= REQUIREMENT =
Your task is to output the listing exactly, leaving every image out.

--- DATA EXTRACT ---

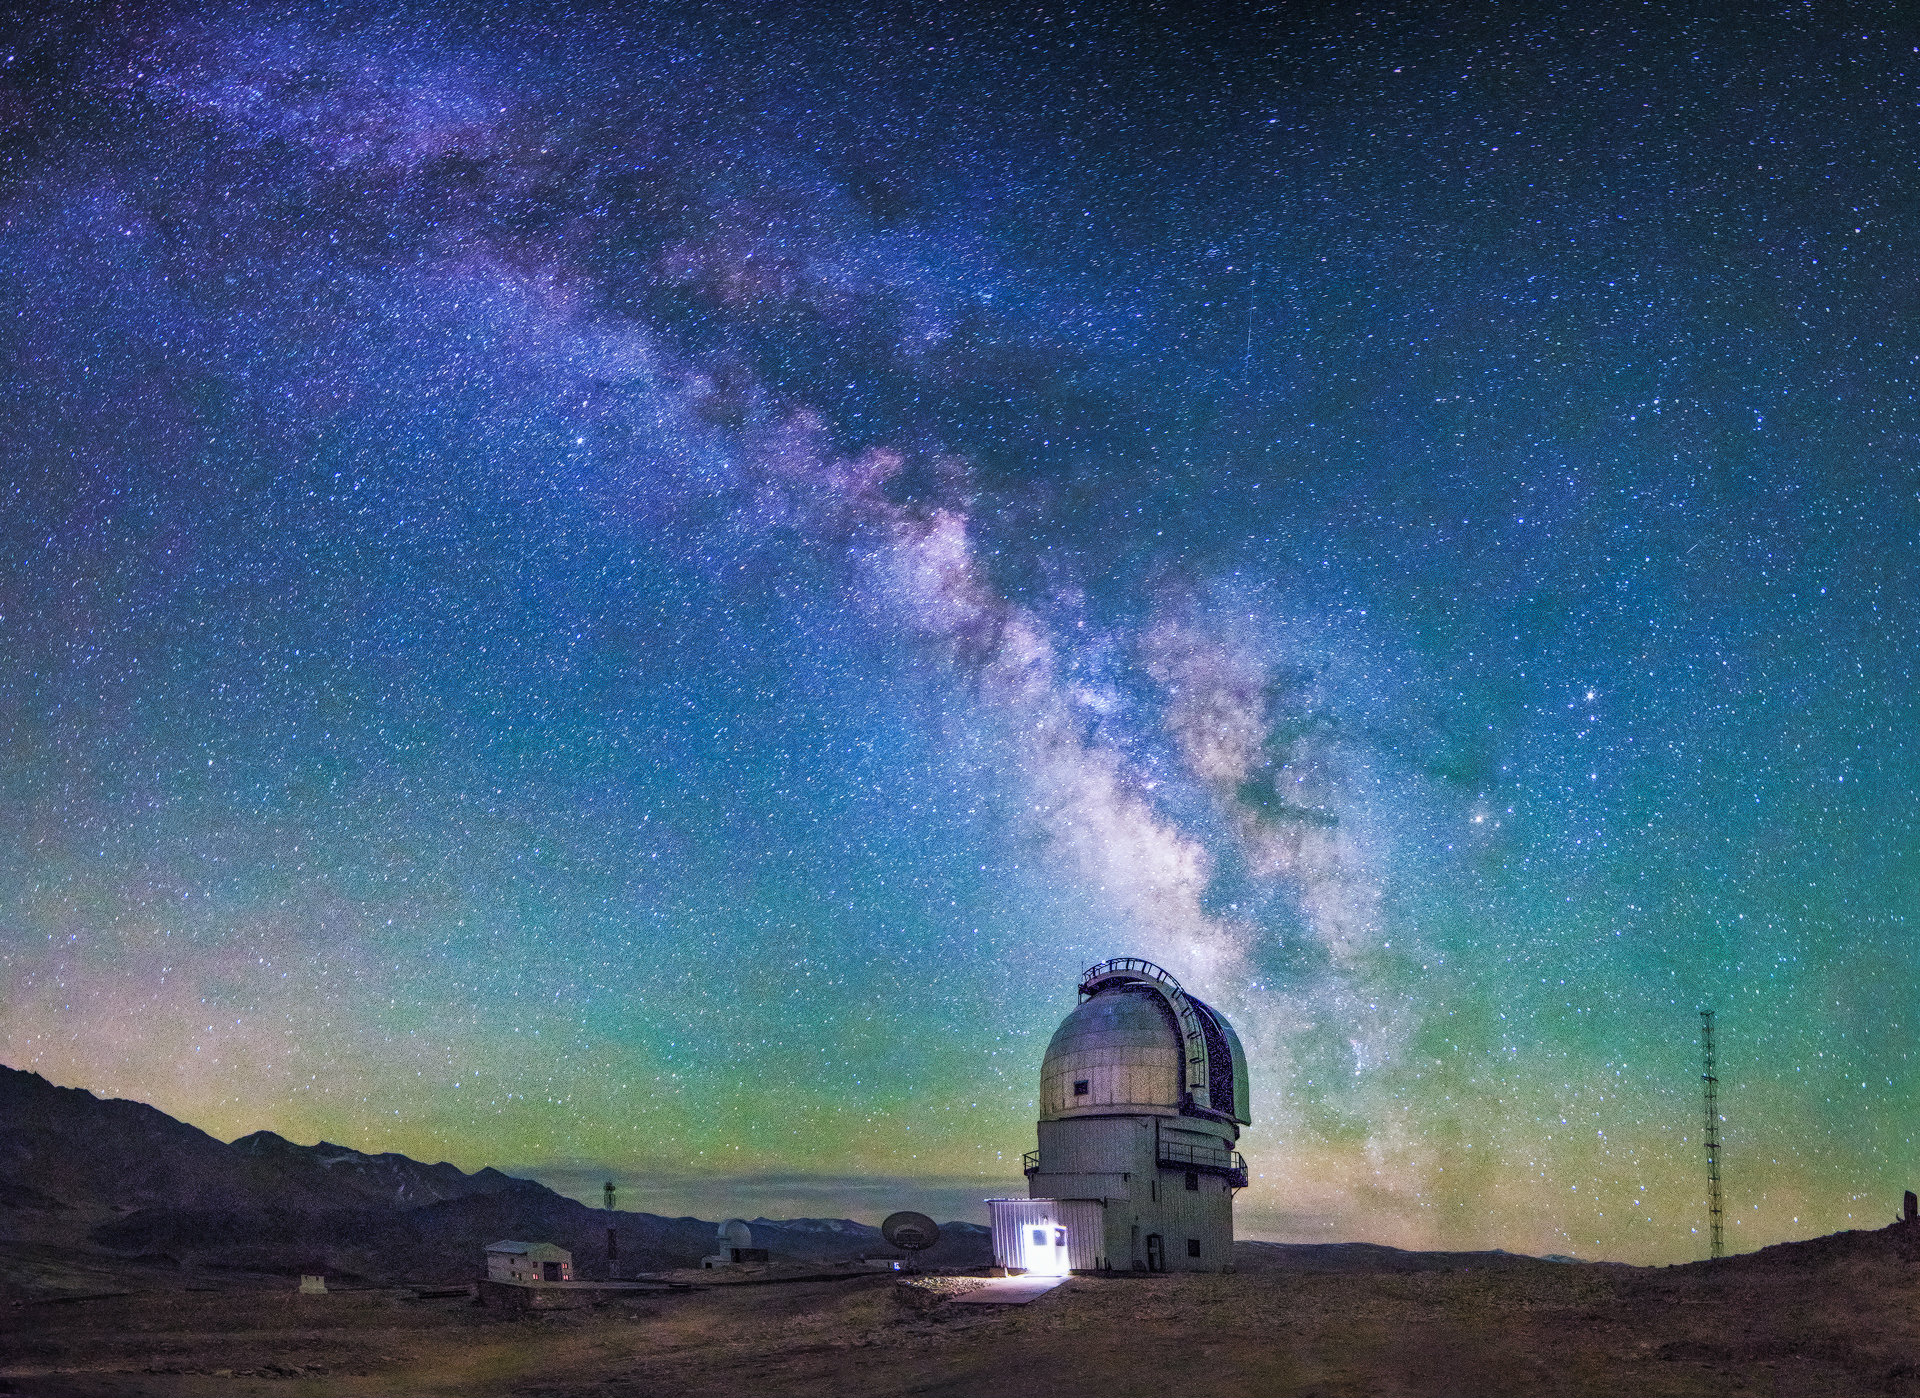 Himalayan Chandra Telescope (by sorcerer81)
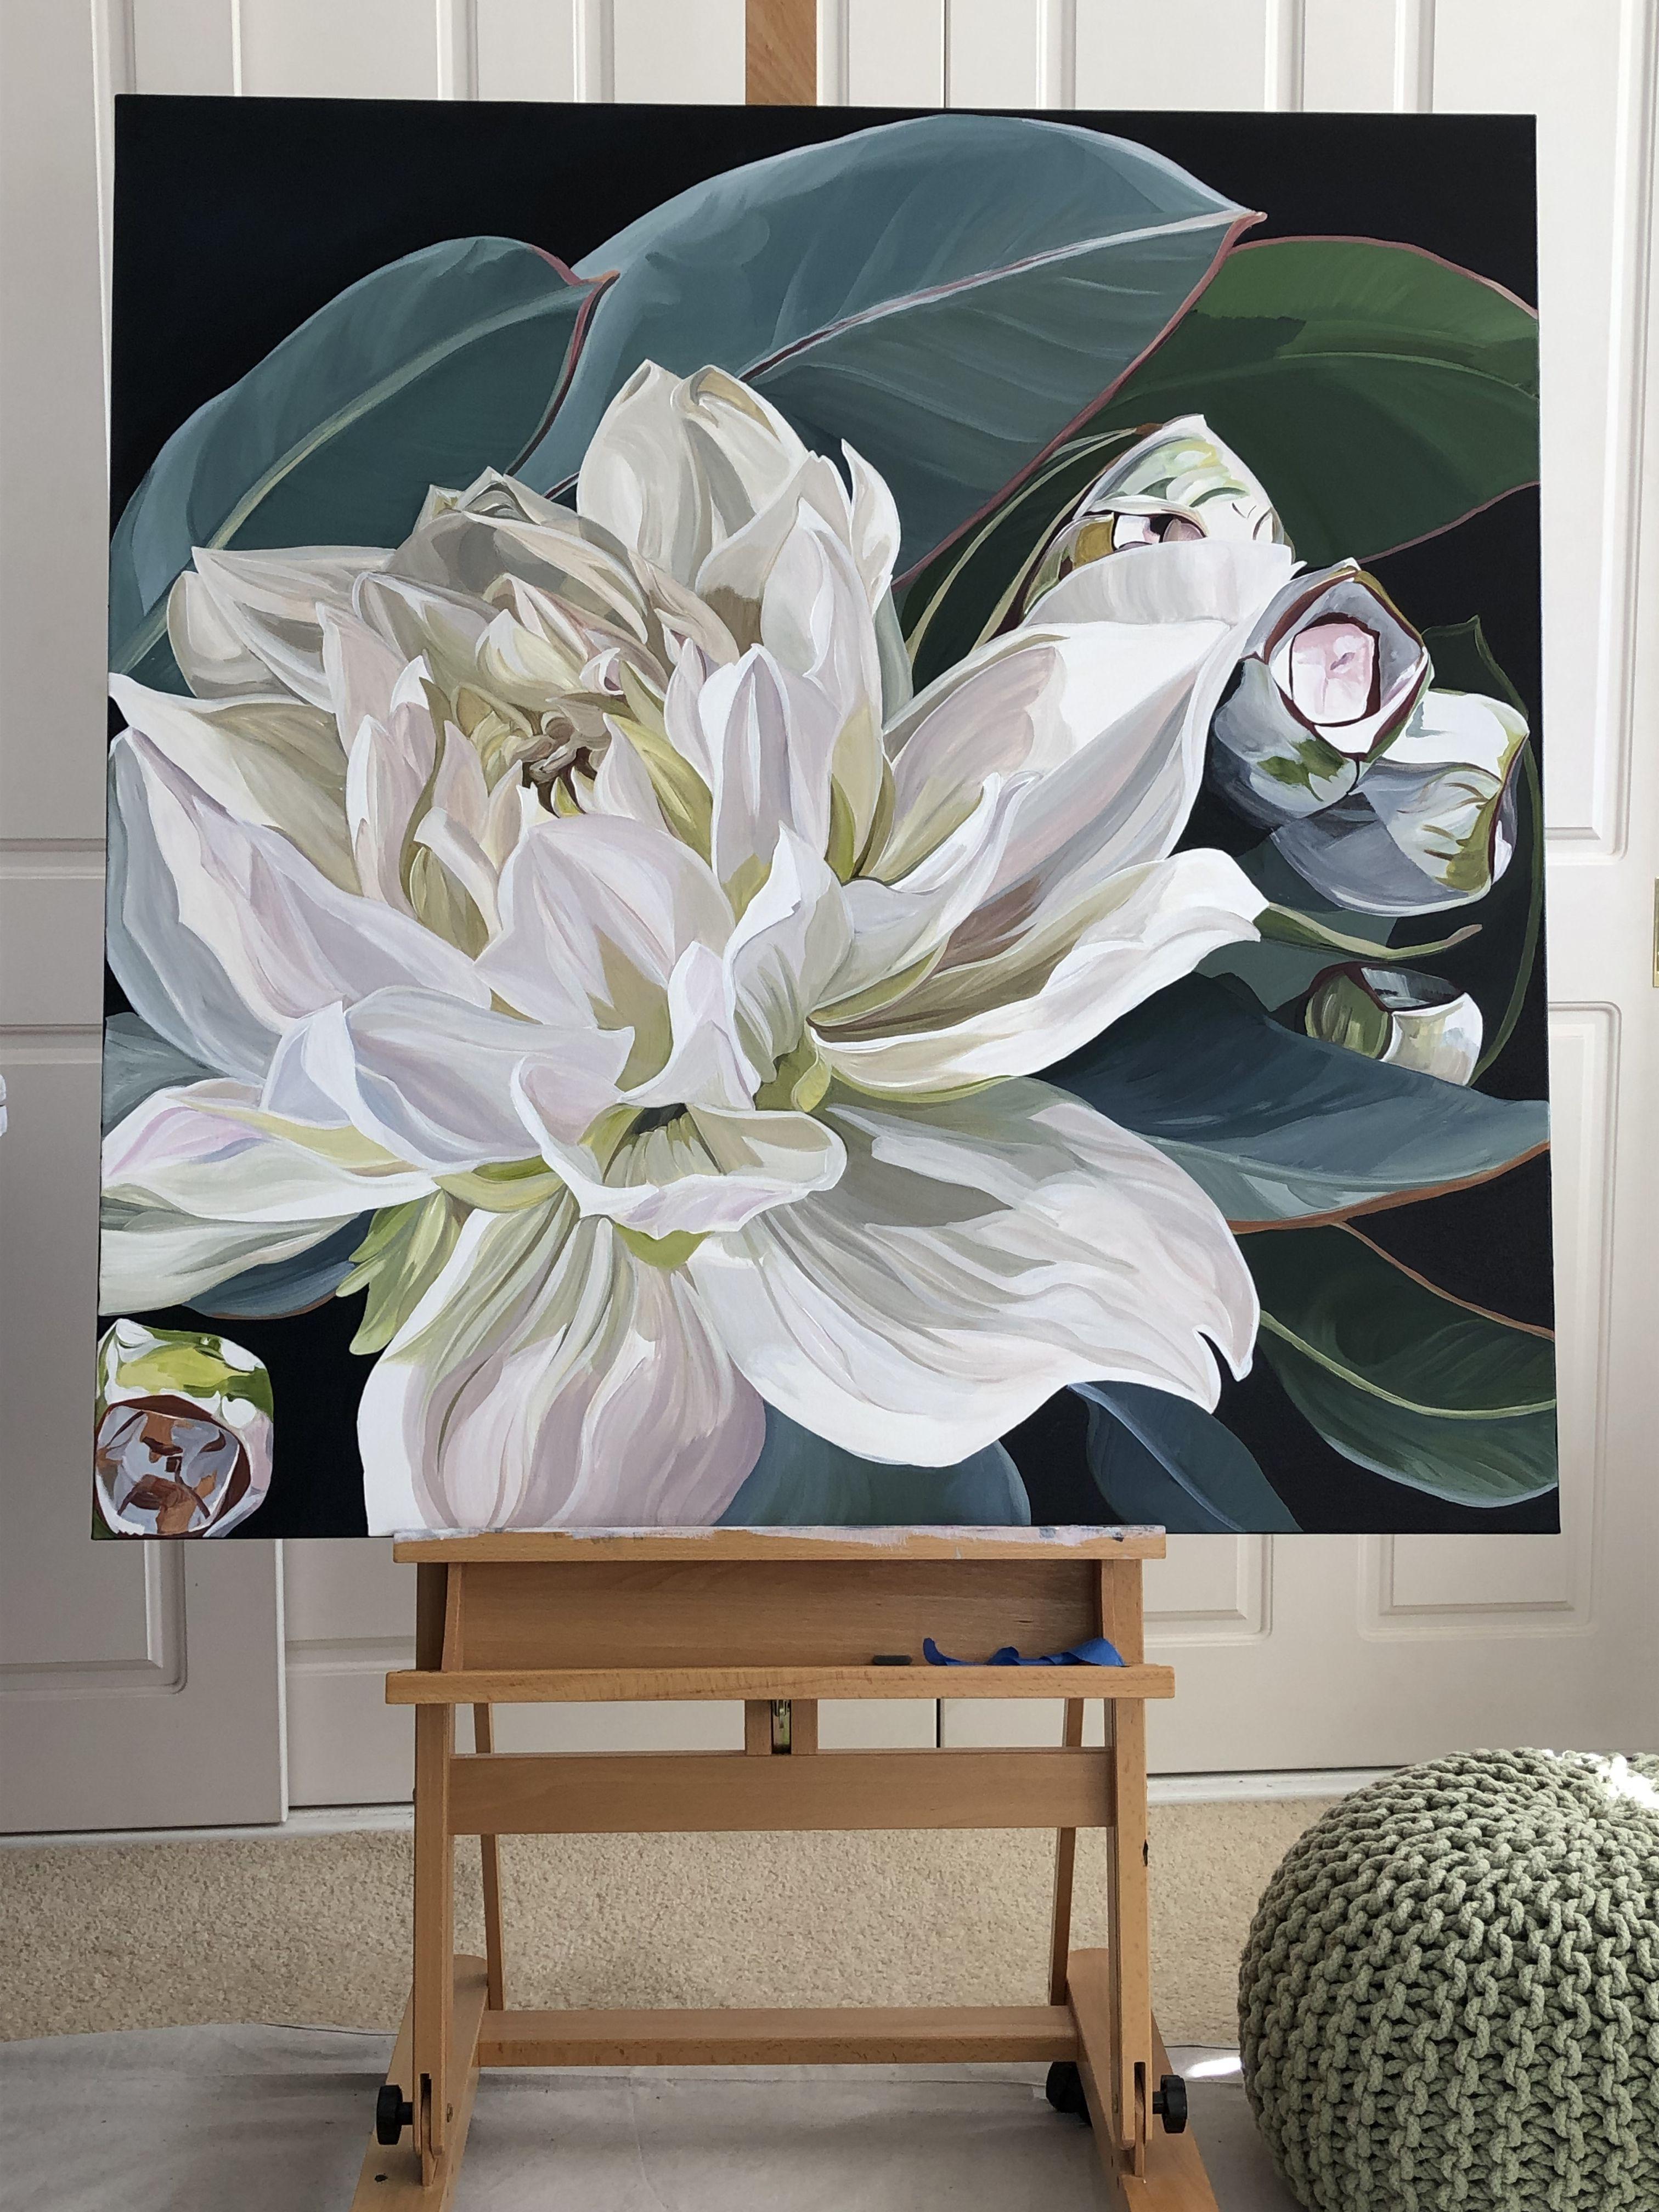 Details about  /Flower Bouquet Canvas Wall Art Pictures Home Deco Prints Oil Painting Re-Print
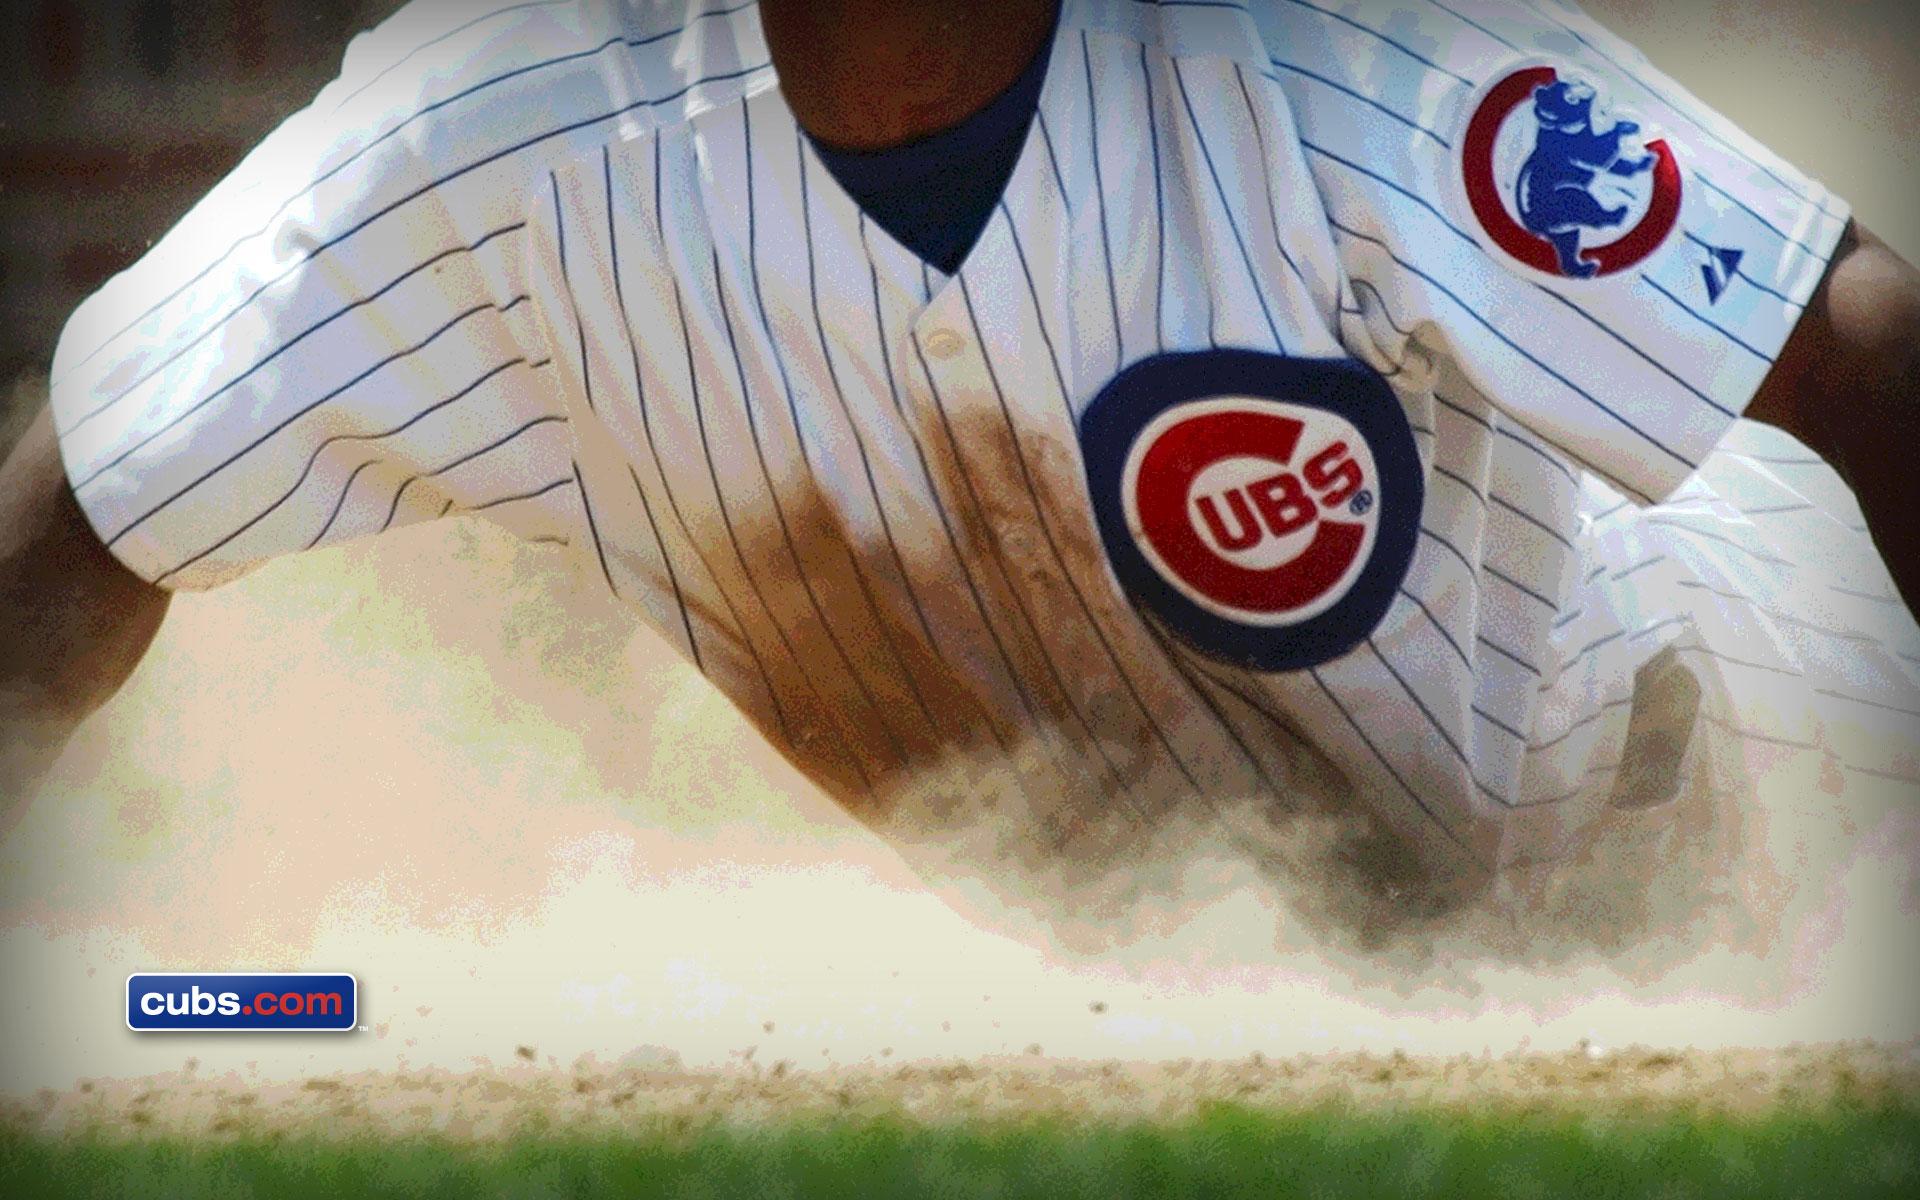 Cubs Wallpaper for your Desktop Chicago Cubs 1920x1200

---

= EXERCISE RESULT =
 Himalayan Chandra Telescope (by sorcerer81)
 Details about  /Flower Bouquet Canvas Wall Art Pictures Home Deco Prints Oil Painting Re-Print
 Cubs Wallpaper for your Desktop Chicago Cubs 1920x1200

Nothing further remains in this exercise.